E’ bello però ricordarsi di due giocatori che hanno portato in giro per l’Italia Brescia e la brescianità (essendo nati nella città Leonessa d’Italia e aver fatto tutto il settore giovanile del club fino alla prima squadra) e che sono ricordati ancora oggi come due centrocampisti tosti e marcatori arcigni, ricordati anche dai grandi campioni della nostra Serie A del tempo che non vedevano l’ora che la partita finisse per non avere più nulla a che fare con quei due gemelli che facevano della garra la loro arma in più.
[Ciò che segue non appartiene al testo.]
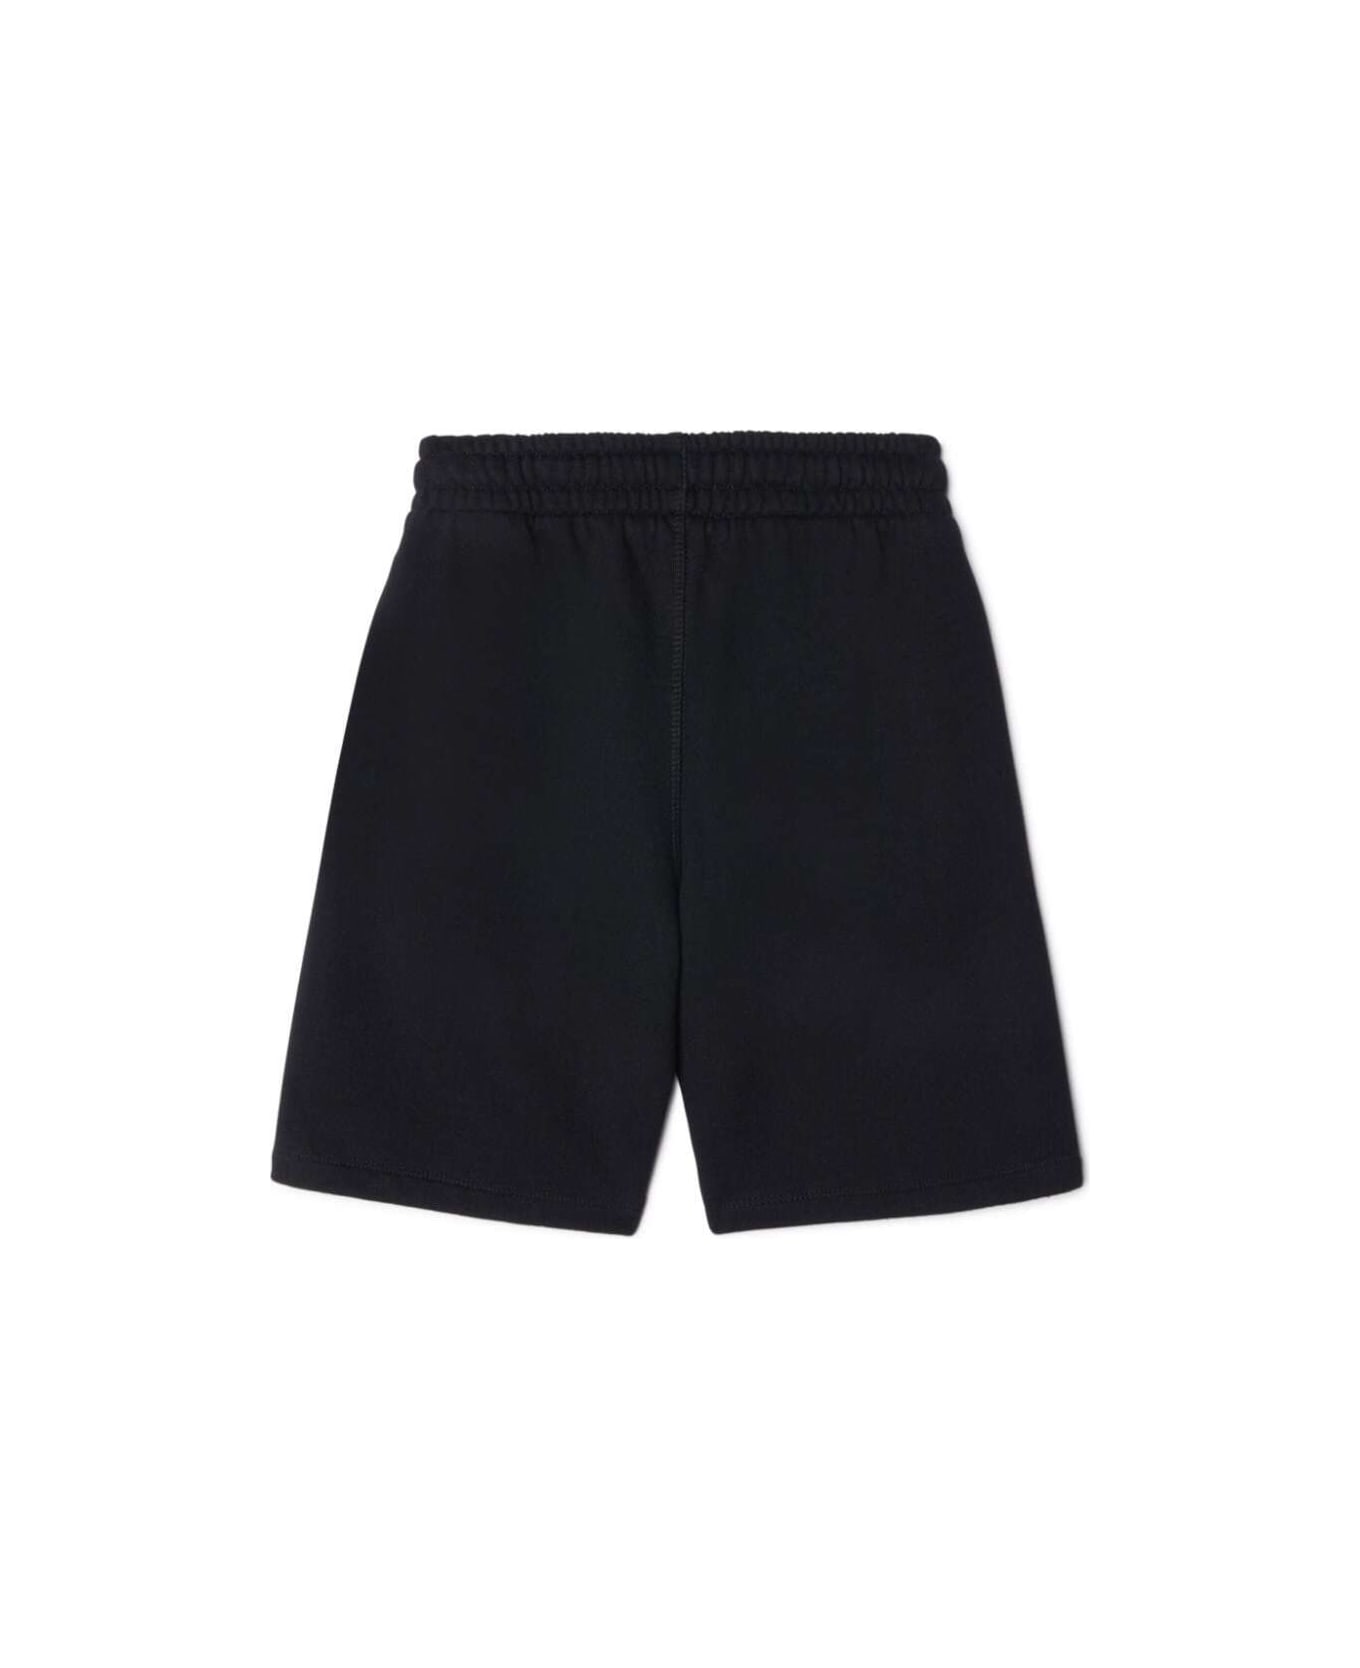 Off-White Black Shorts With Drawstring In Cotton Boy - Black ボトムス
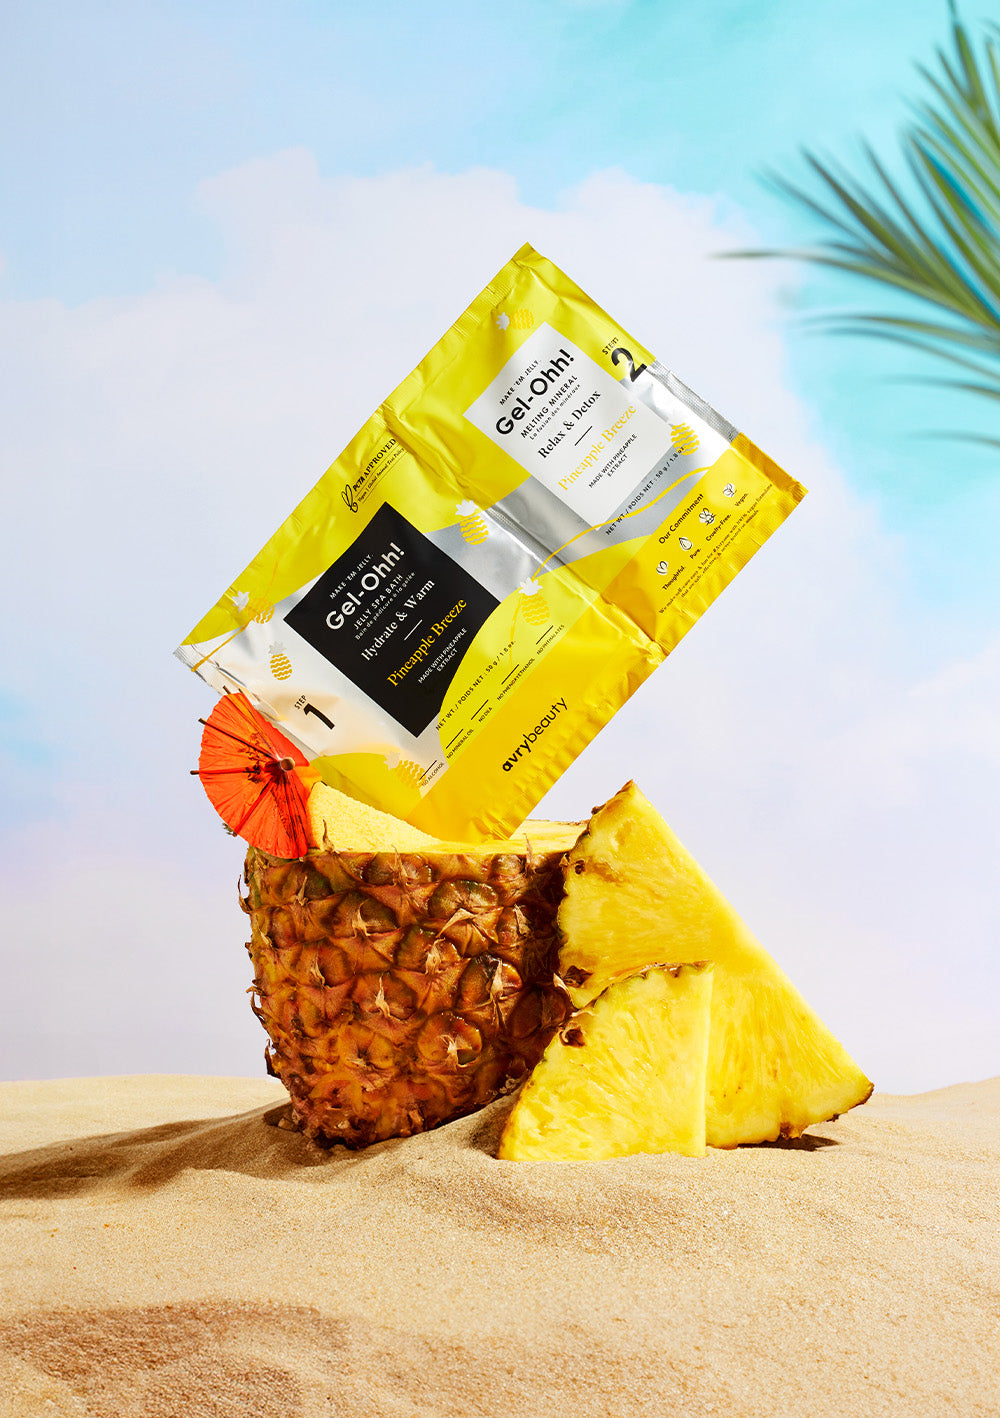 Pineapple Breeze Gel-Ohh! in a real pineapple on a beach

I gemelli Filippini hanno vissuto con il Brescia momenti iconici, come la corsa di Carlo Mazzone sotto la curva dei tifosi atalantini dopo un incredibile 3-3 dei padroni di casa il 30 settembre 2001, o come quando il 21 dicembre 1997 l’arbitro Ceccarini, in un Brescia-Roma, espulse Emanuele e non Antonio scambiandoli. O la tentata “furbata” di Lucescu che nell’intervallo del match contro il Perugia, visto che Emanuele era ammonito e Antonio no, chiese ai due gemelli di scambiarsi la maglia così da trarre in inganno l’arbitro visto che i due erano identici, ma questi rifiutarono la “proposta” del loro tecnico. Ma vissero anche momenti tristi come la morte del loro compagno di squadra Vittorio Mero, morto in un incidente stradale il 23 gennaio 2002, di cui era compagno di stanza Emanuele.

Sarebbe bello davvero se un giorno i due Filippini potessero allenare in Serie A ed incontrarsi da avversari come da giocatori si affrontarono quel 6 novembre 2002 a Parma. Chi vivrà vedrà.

Per la cronaca: i gemelli Filippini non hanno avuto gemelli (e non possono perché questi “saltano” una generazione), ma entrambi hanno figlie che hanno qualche anno di differenza tra loro e difficilmente si sfideranno un giorno su un campo da calcio.

Nell’aprile 2020 hanno perso la madre Teresa a causa del Covid-19, lei che era la loro prima tifosa sugli spalti mentre loro battagliavano sui campi della Serie A ed era ospite diverse volte a “Quelli che il calcio” allo stadio per commentare le partite dei due figli.